Task goal: Return, word for word, every line starting at the line with "wedding website builder: theknot.com" and ending at the final line of the entries; skip the pictures.

····················

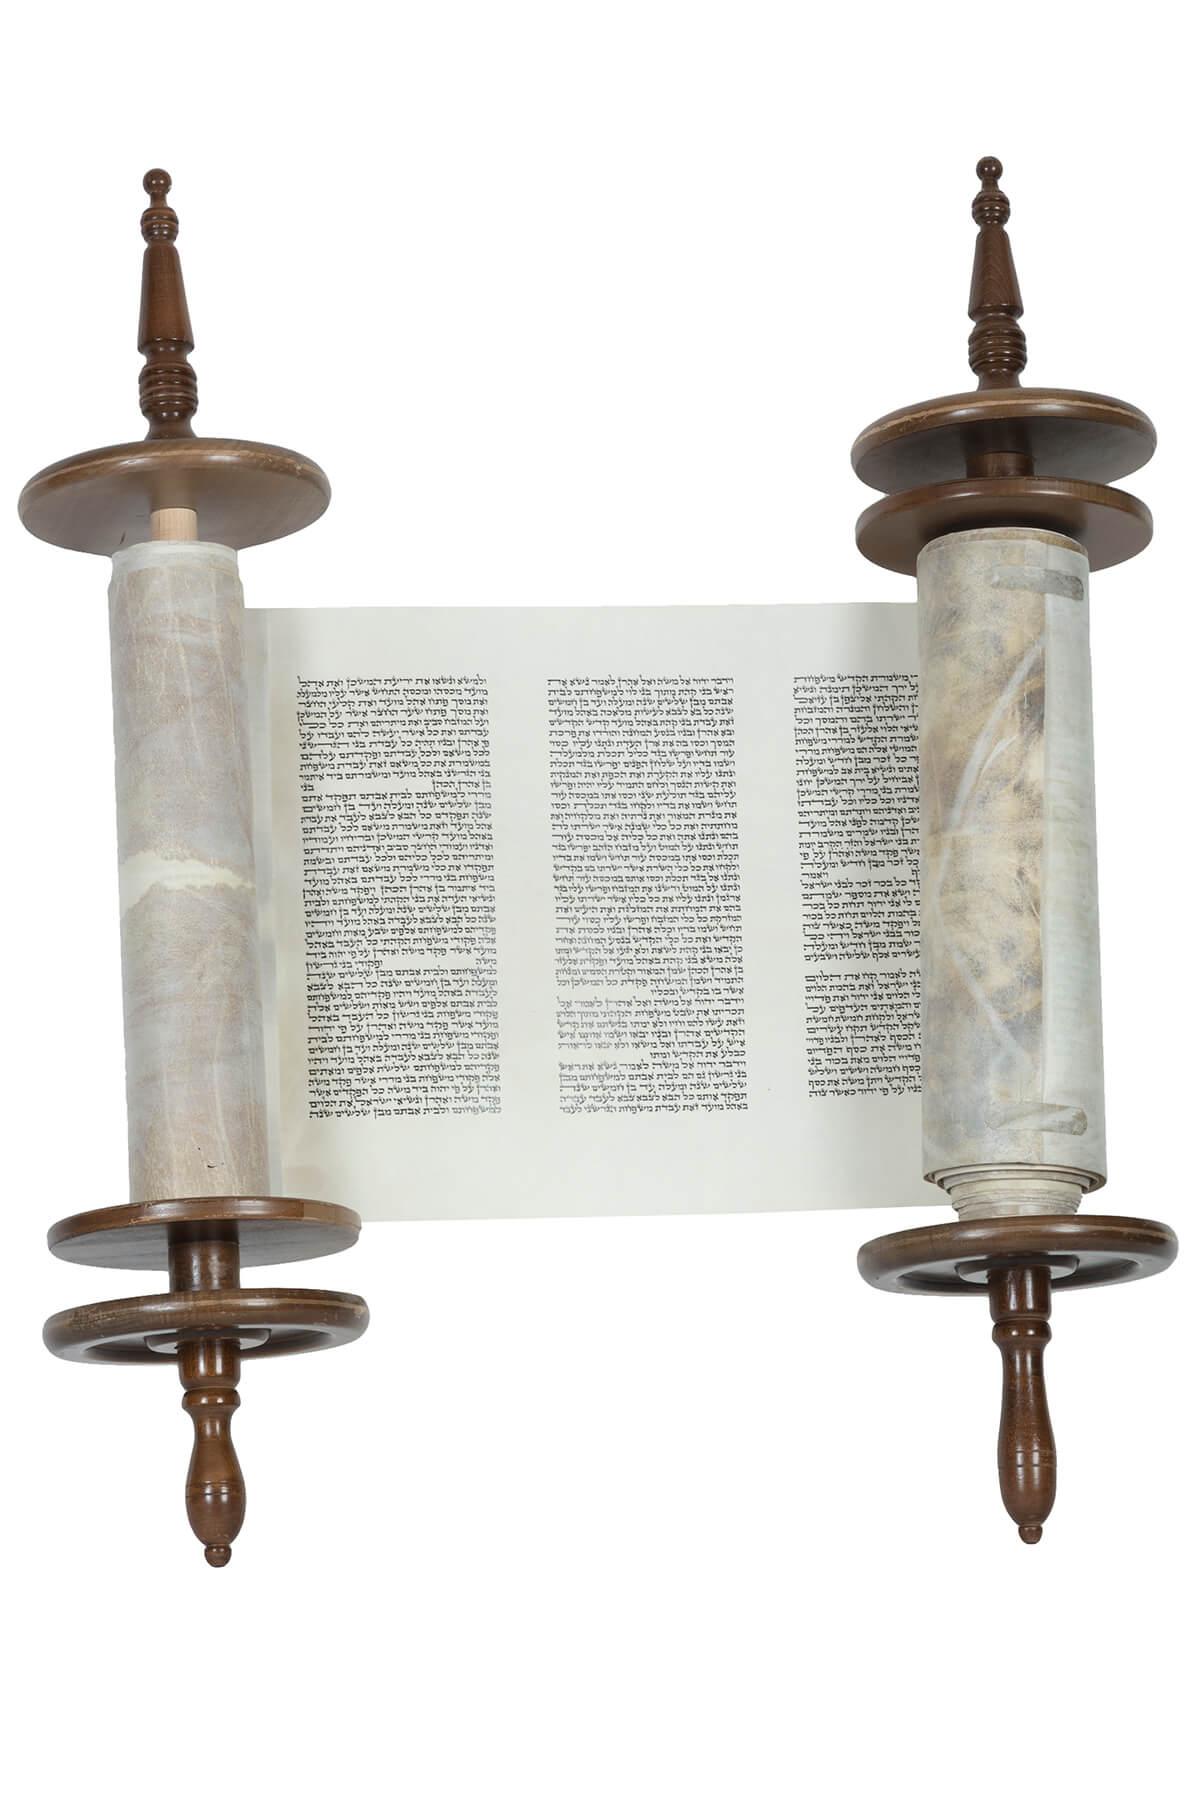 93. A Sefer Torah
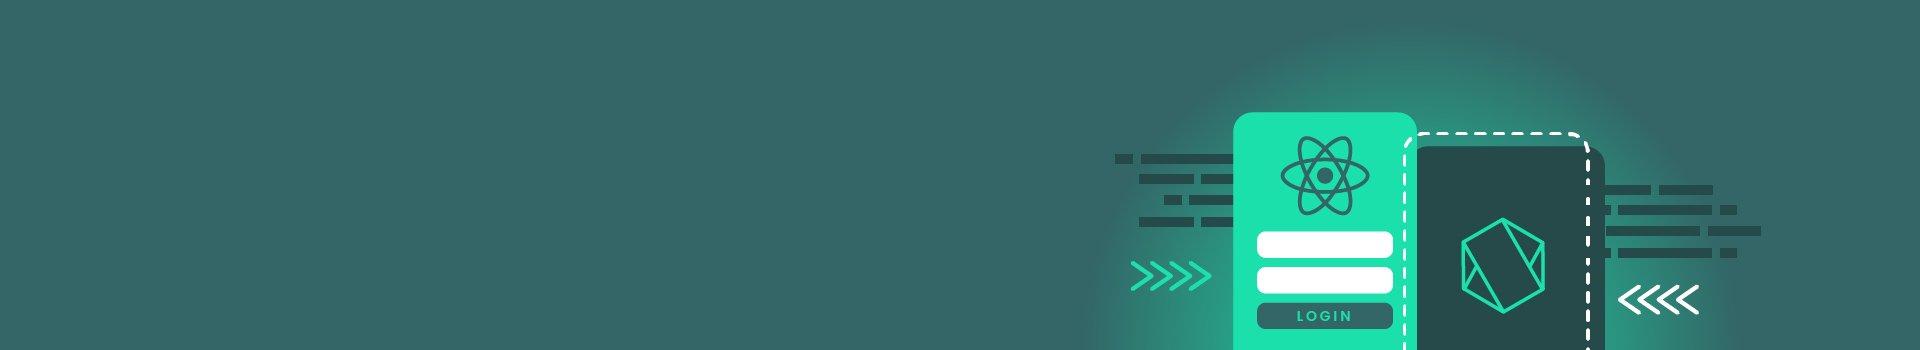 Build a React Native Login app with Node.js Backend
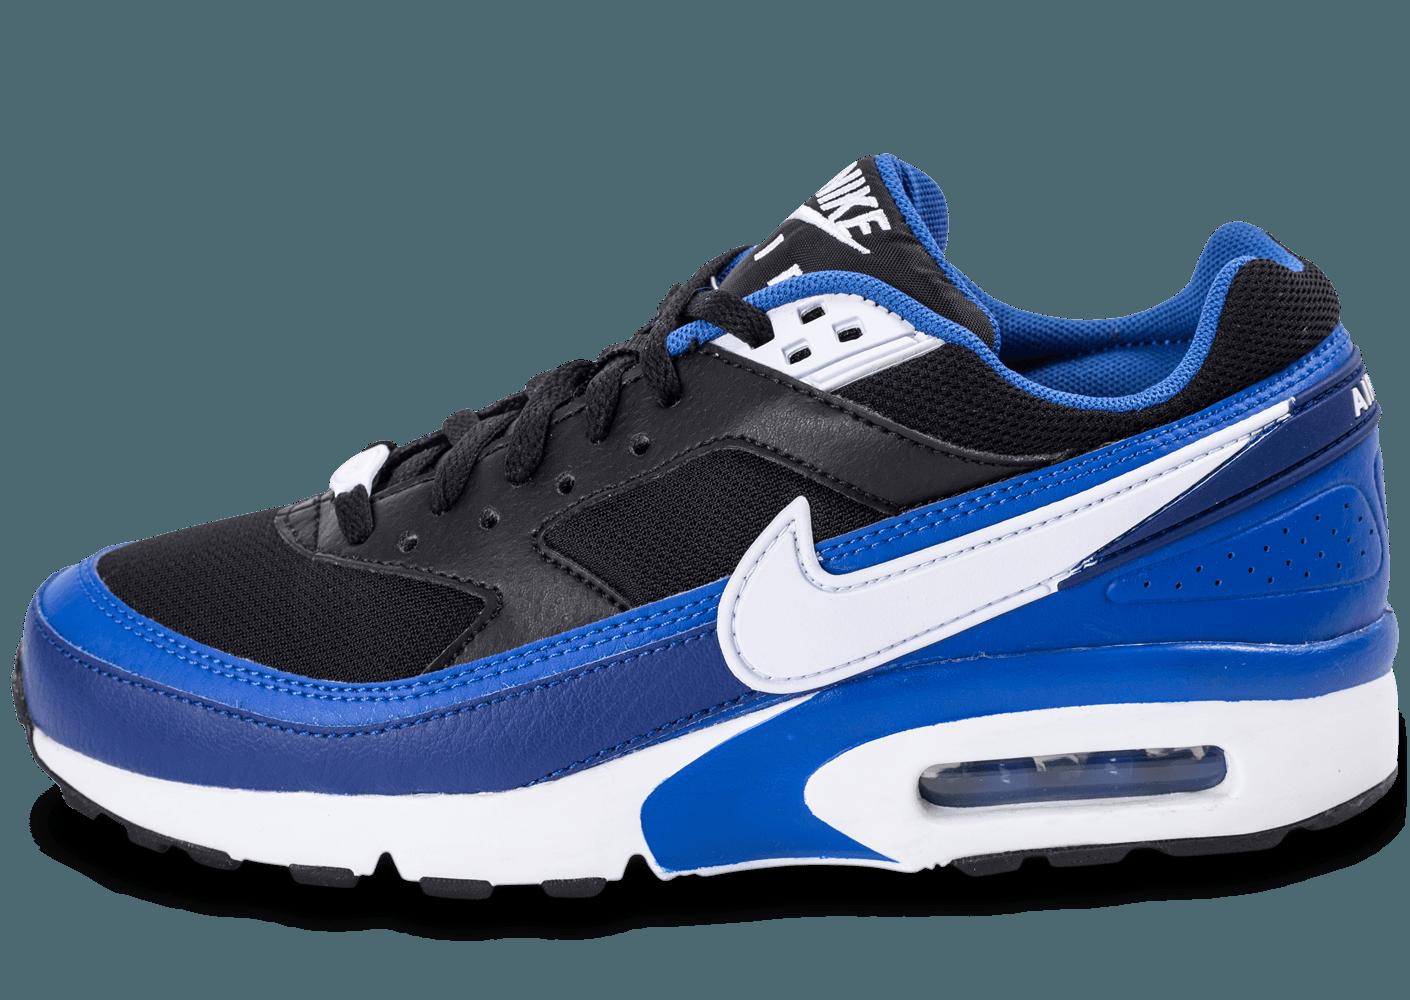 Soldes Nike Air Max Classic BW Homme Noir Blanche Lumière
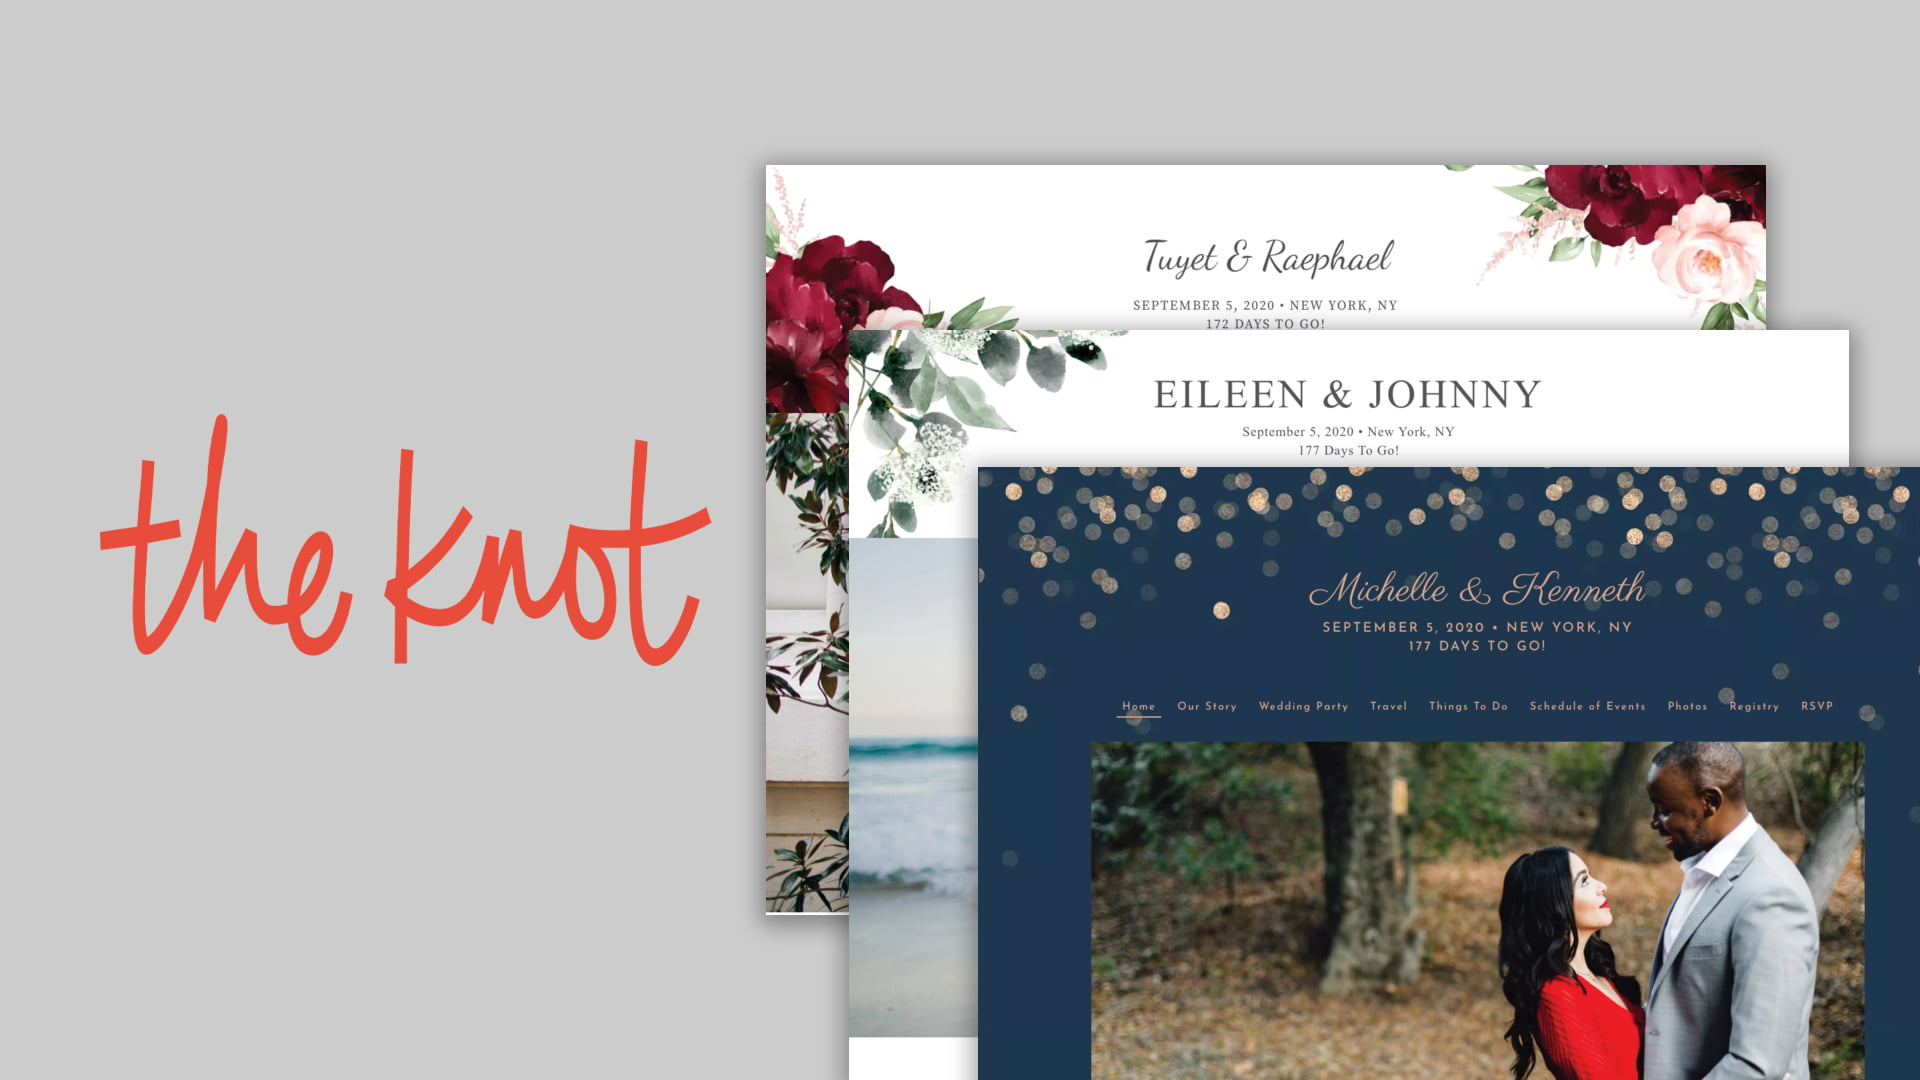 wedding website builder: theknot.com
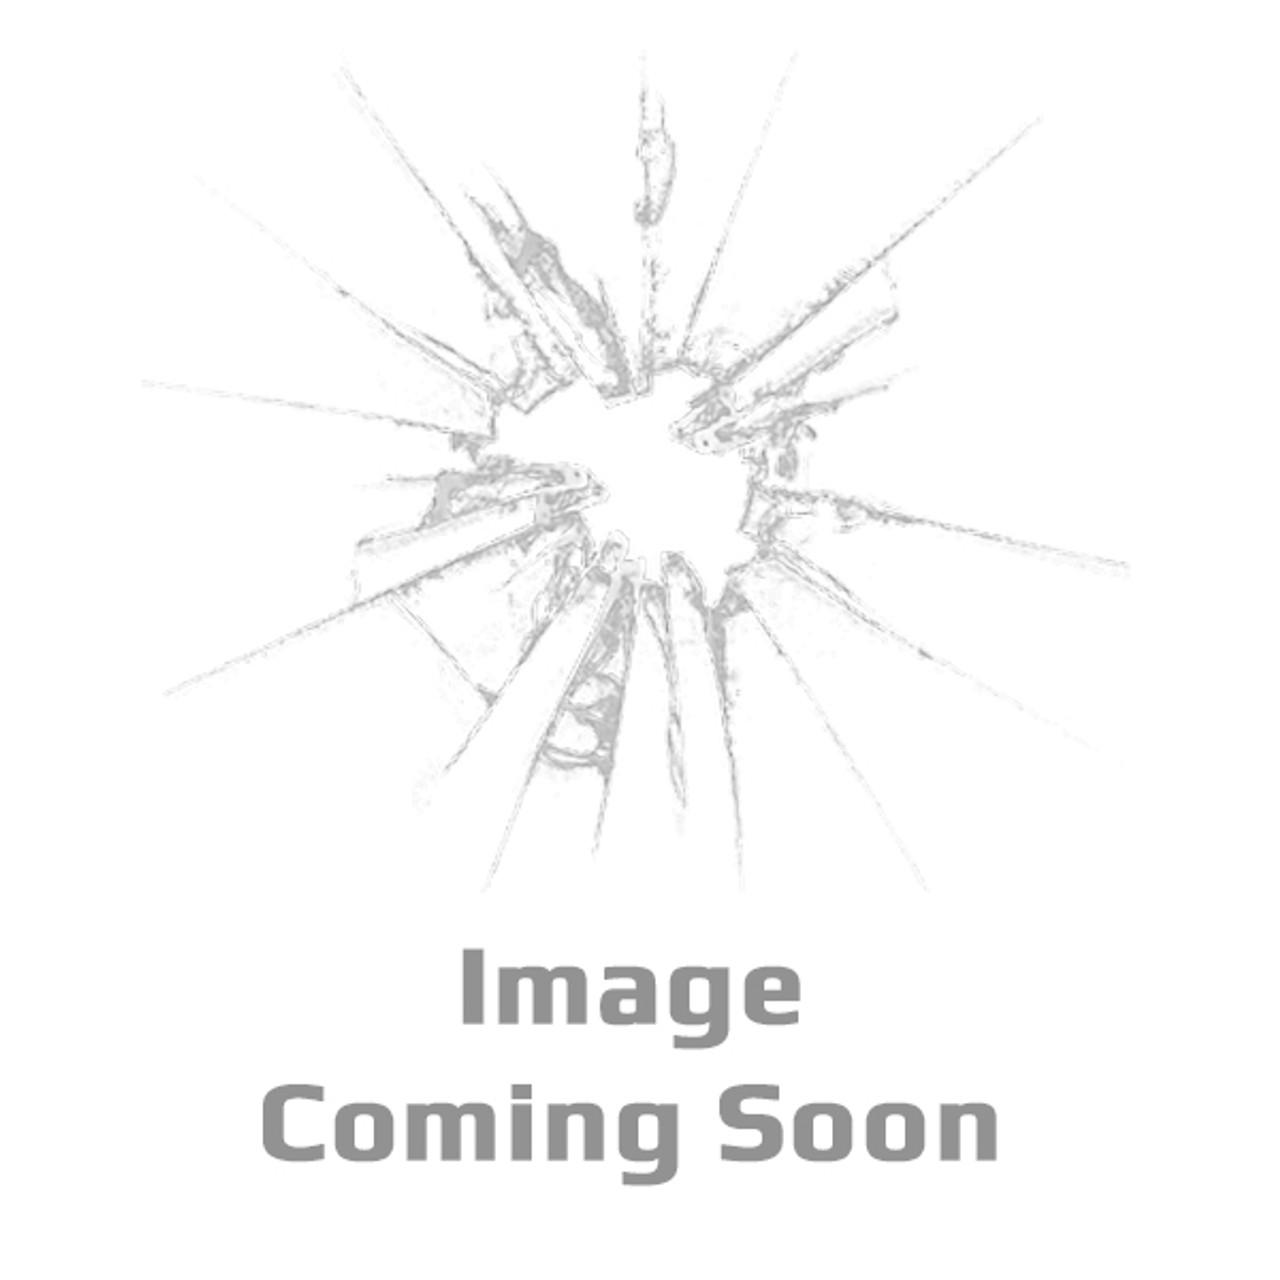 Riton Optics Contessa, Riton Xrc3010t  30mm Tactical Rings

····················

Written response:
 wedding website builder: theknot.com
 Riton Optics Contessa, Riton Xrc3010t  30mm Tactical Rings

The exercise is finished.